В этом поле заметную роль играет сектор позитивной оценки. Он составляет ядро АП, широка палитра т. н. телесной эмотивно-сти, связанной с интенсивным акцентированием вкусовой и зрительной модальностей восприятия. Эти наблюдения соотносятся с результатами рецептивного эксперимента, в котором интенсивность эмотивного сектора семантики у женщин колеблется по шкалам от +2,63 до +2, у мужчин от +1,23 до +2,15.
У школьников: жизнь — хорошая, радость (17), смерть (13), судьба (13), мама (13), жизнь (13), человека (12), я (12), дом, дома (12), одна (12), папа, веселая, светлая, нормальная, свобода, счастье, скучно, мученья, сложная, большая, важно, длинная, будущее, трудности, дорогое, солнце, кайф, все, главная вещь, любовь, прекрасна, нечто прекрасное, красота, данное Богом, не вечна, испытание, школа, нечто (отказы 3).
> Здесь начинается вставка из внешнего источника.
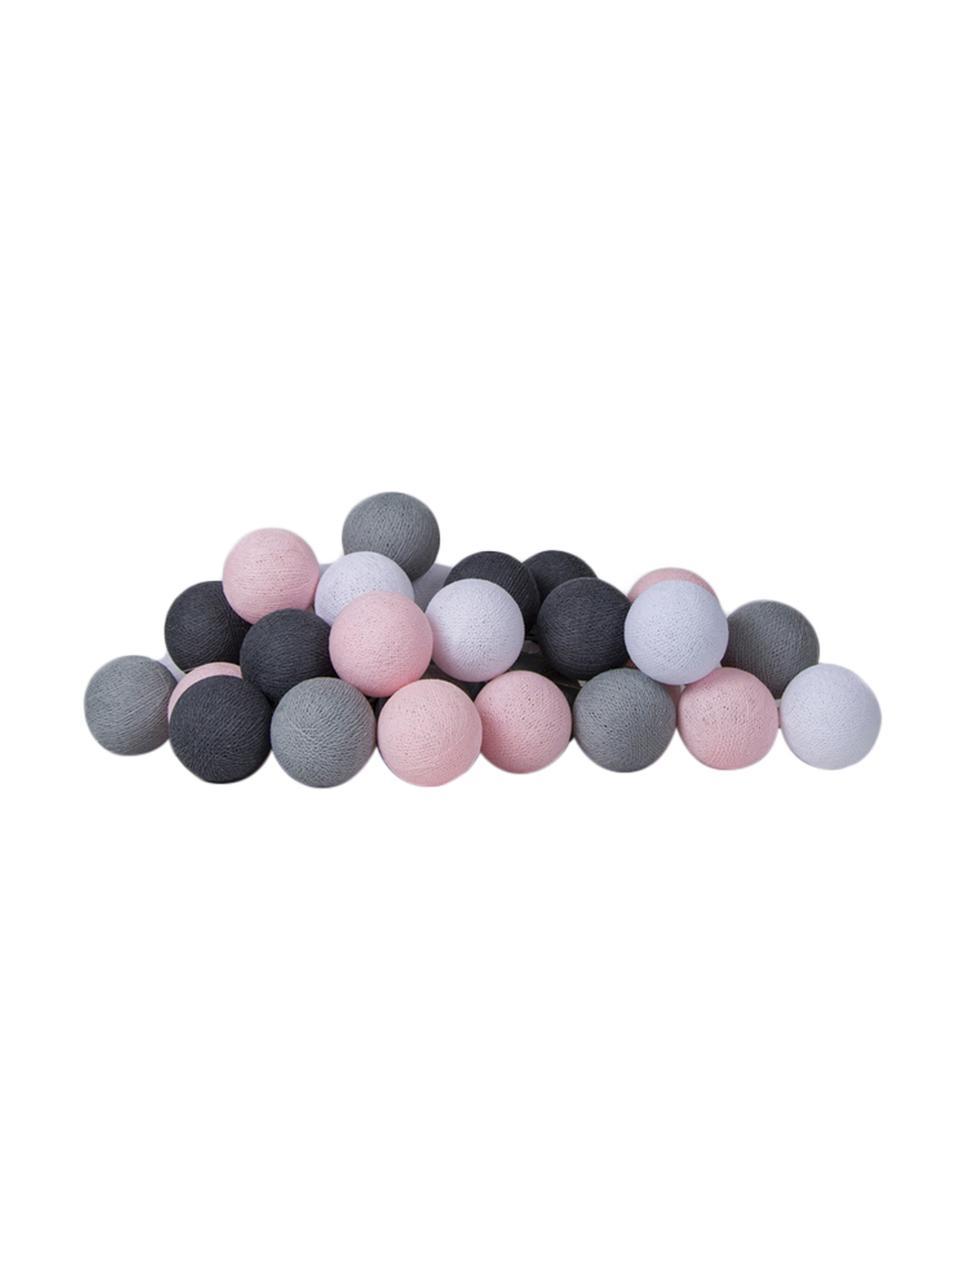 Ghirlanda  a LED Colorain, Rosa, tonalità grigie, Lung. 264 cm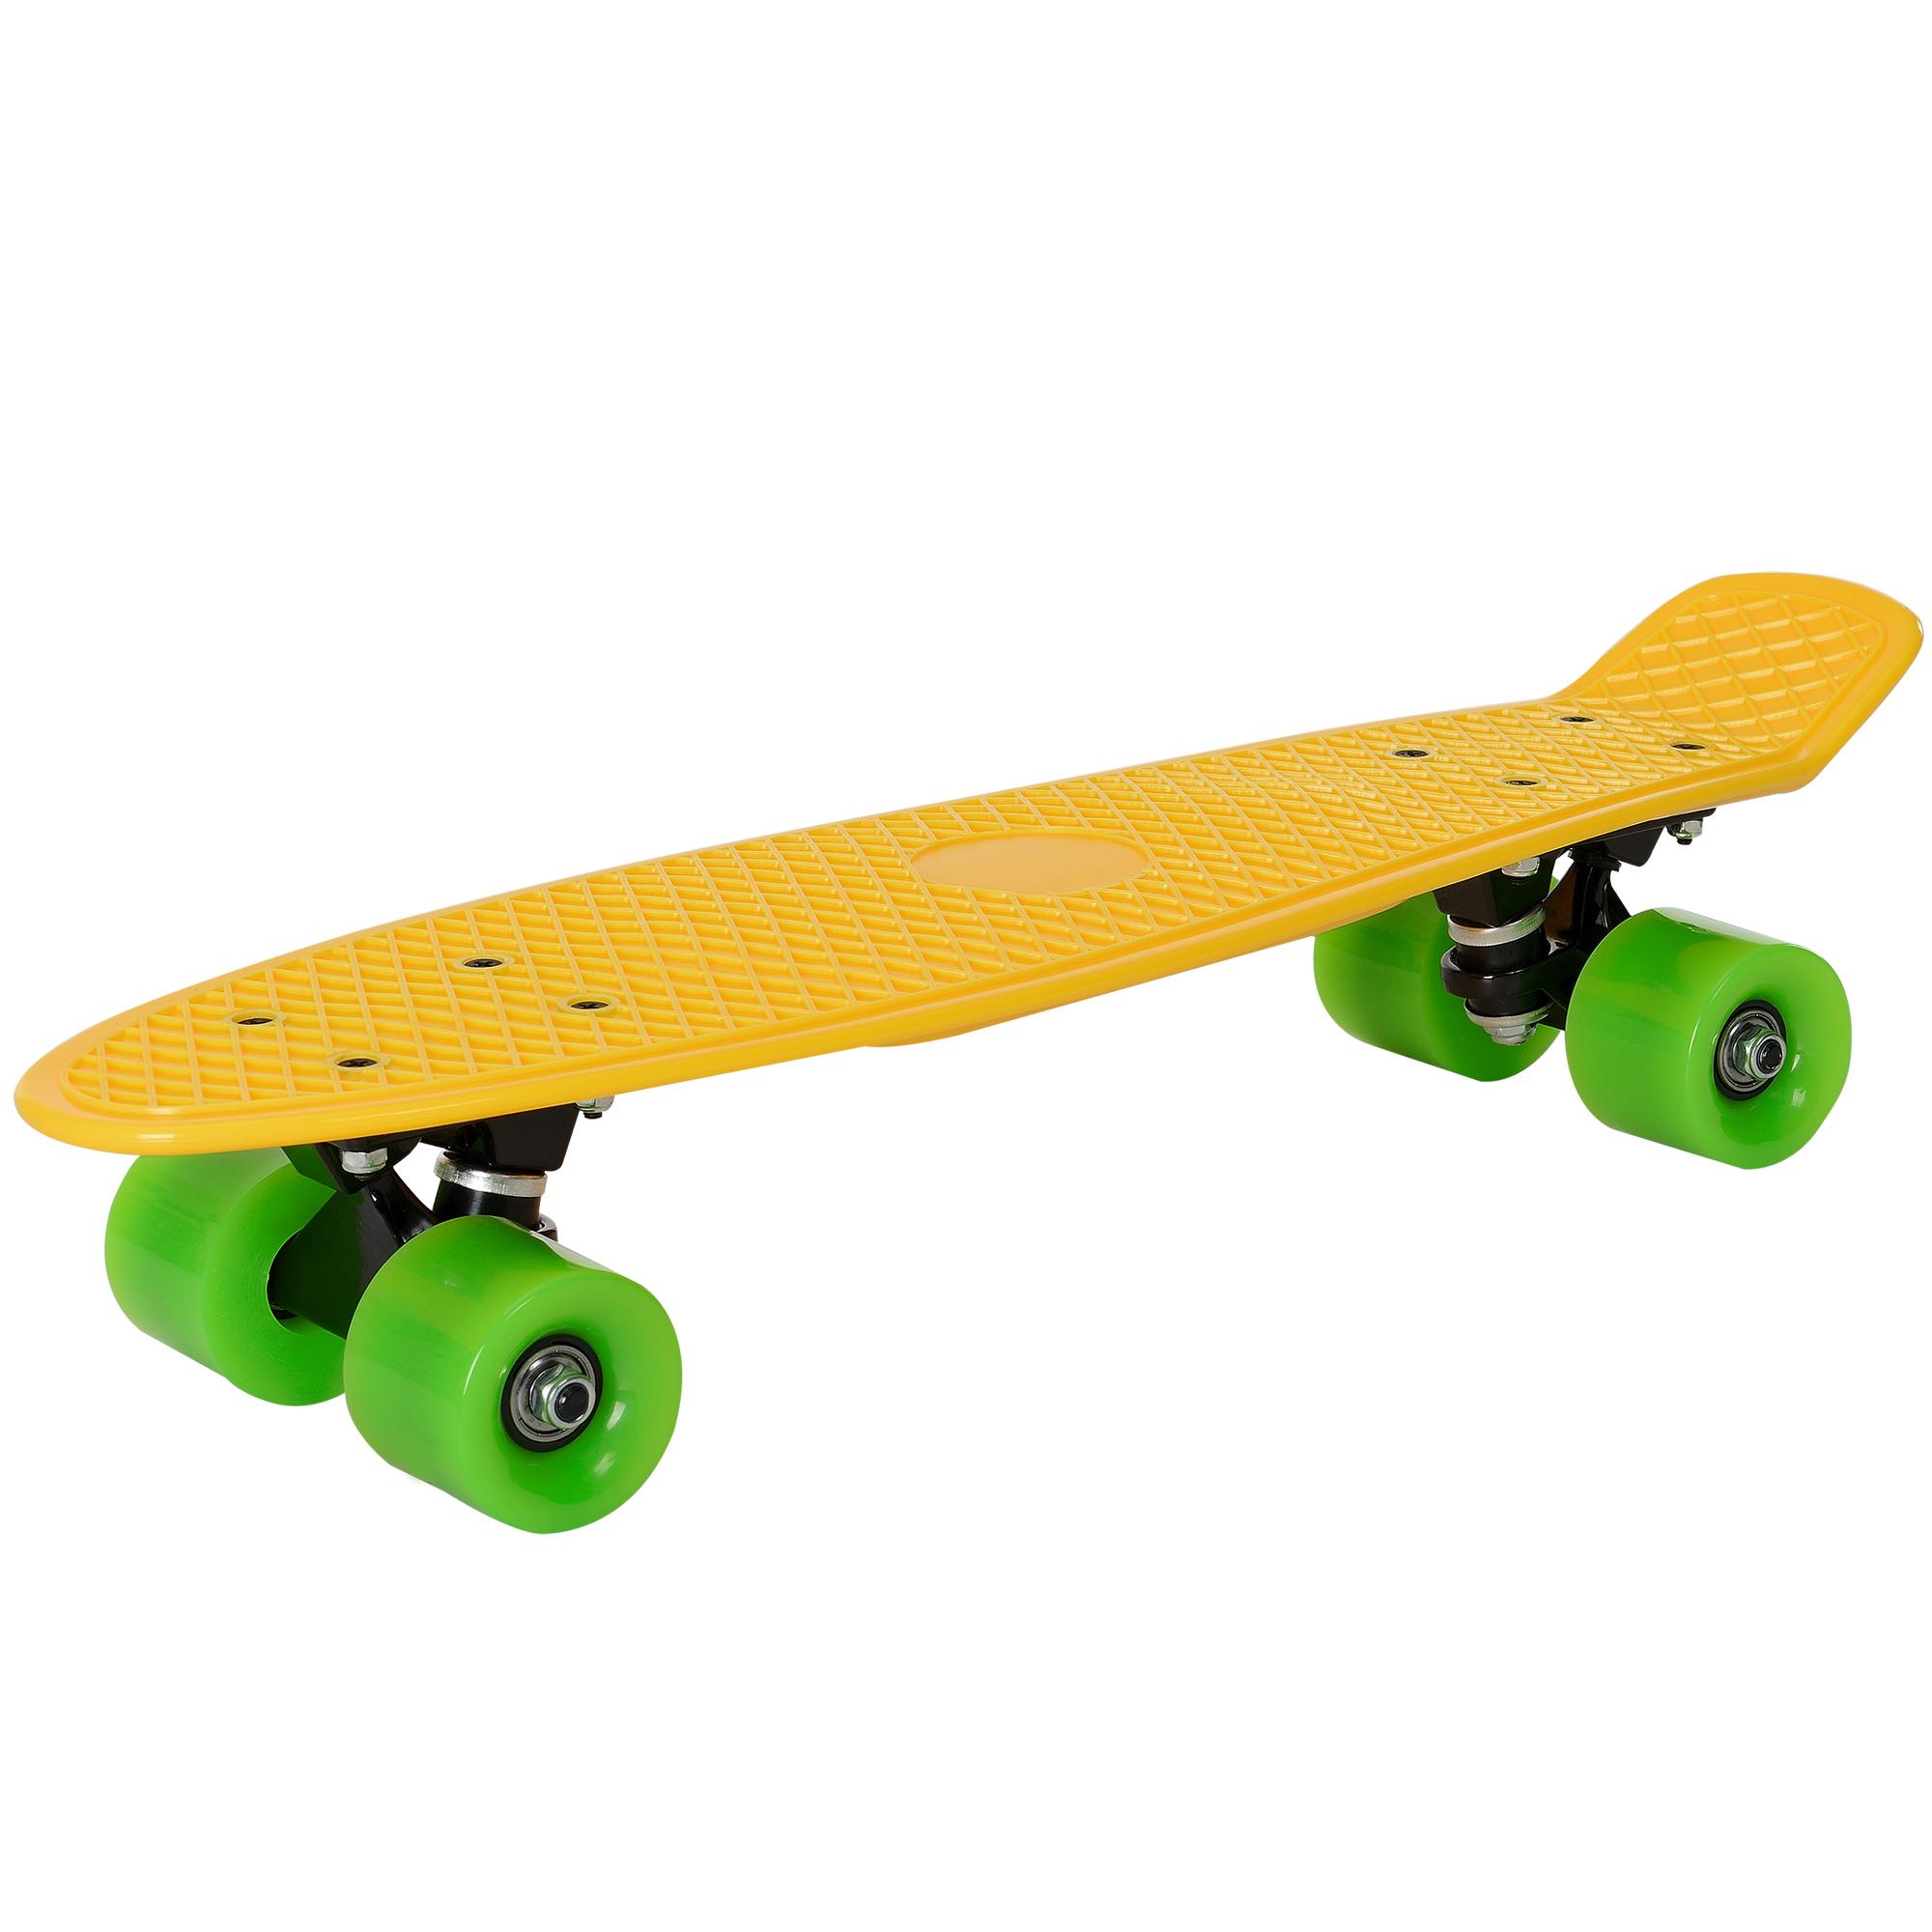 [pro.tec]® Retro Skateboard mini - penny board ABEC 7 - žlutá se zelenými svitků

У информантов-школьников в ядре, как и на периферии, преобладают позитивные оценочные реакции предикативного типа на фоне стереотипных «смерть», «судьба». Отказов достаточно мало. Интенсивность позитивной оценки подтвердилась результатами рецептивного эксперимента: по всем шкалам были получены высшие индексы нагрузки (+3)
Близкое к нему АП судьба характеризуется у мужчин и женщин симметричностью ядра и периферии, наличием смыслов «фатального отношения к объекту реагирования», минимальным количеством предикативных реакций.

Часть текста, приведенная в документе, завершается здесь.